The present results also show that pycnogenol potentiates the inhibitory effects of oral contraceptives on aromatase expression in the eutopic endometrium of endometriosis patients; however, it is not known whether this is the consequence of a direct effect on the aromatase gene or an indirect action resulting from greater suppression of the NF-kappa.B-induced inflammatory cascade. Pycnogenol is able to suppress cyclooxygenase activity, thus interrupting the production of prostaglandin E2, which is a potent aromatase gene inducer in the endometrial stroma cells from endometriosis patients [1,9]. This may explain the greater suppression of aromatase expression in the eutopic endometrium of endometriosis patients using oral contraceptives in association with pycnogenol, since the blockade of the NF-kappa.Binduced inflammatory cascade at both pre- and post-transcriptional level would halt the transcription of the cyclooxygenase gene. Pycnogenol has already been shown to exert anti-inflammatory and antithrombotic effects by inhibiting both Cox-1 and Cox-2 enzymatic activity [9,10]. Since prostaglandin E2 plays a pivotal role in the induction of the aromatase gene, the effects of pycnogenol may be indirect and a consequence of the reduction in inflammation rather than a direct effect on the aromatase gene promoter [1,9].

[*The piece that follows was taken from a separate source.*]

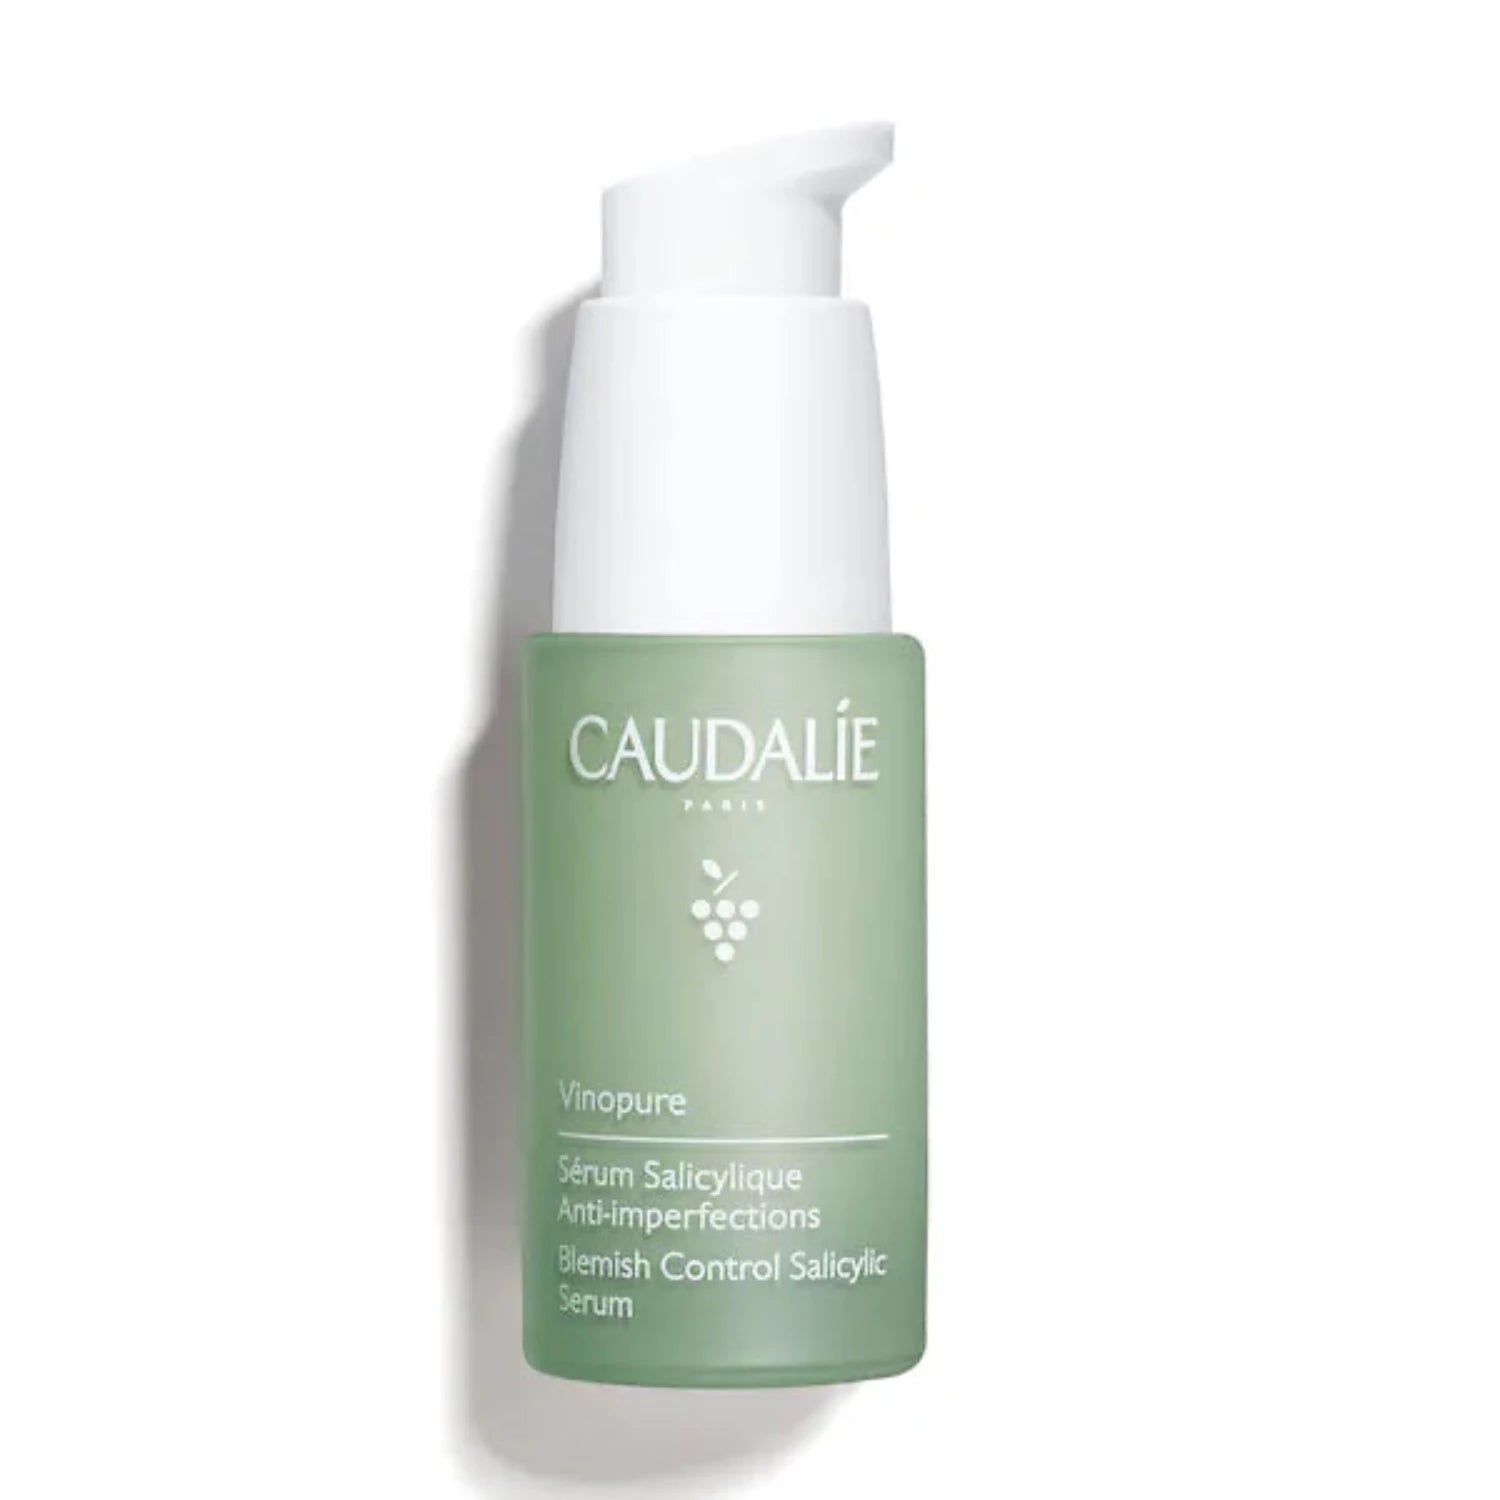 Why Caudalie Vinopure Serum? It reduces imperfections, unclogs and tightens pores, refines skin texture, and visibly improves the appearance of acne-prone skin.

The greater efficacy of oral contraceptives when combined with pycnogenol in reducing aromatase and VEGF expression in the eutopic endometrium may also explain the better pain-relieving effects of this combination therapy in endometriosis patients. It should be emphasized that this was accomplished without any increase in the number of adverse events, which could have compromised its enhanced efficacy. Pycnogenol alone has been reported to be as effective as GnRH analogs for the treatment of endometriosis-related pain after the second month of use, which is in accordance with the results of the present study, and it may constitute a useful adjuvant in the arsenal of options for hormone therapy [11]. The blockade of Cox-2 and Cox-1 enzymatic activity also explains the efficacy of pycnogenol in treating dysmenorrhea [12].

In conclusion, although both the progestins present in oral contraceptives and pycnogenol are able to reduce inflammation by modulating NF-kappa.B-induced gene transcription, they act on different steps in this mechanism, thus explaining the greater efficacy of the combination therapy in suppressing both VEGF and aromatase expression in the eutopic endometrium of endometriosis patients. When given together with an oral contraceptive, there is a reduction not only in DNA binding activity but also in the transactivation capacity of the bound NF-kappa.b [1,6,7]. This distinctive effect on the NF-kappa.B activation pathway may provide a plausible explanation at molecular level for the greater inhibition of both VEGF and aromatase expression in the eutopic endometrium of endometriosis patients when pycnogenol is used together with oral contraceptives in extended regimens. However since the amount of procyanidins and polyphenols could not be obtained for either Flebon or the compound pharmacy preparations (Fagron) this may represent a limitation to the study, although this study was not designed to evaluate which preparation would be more effective.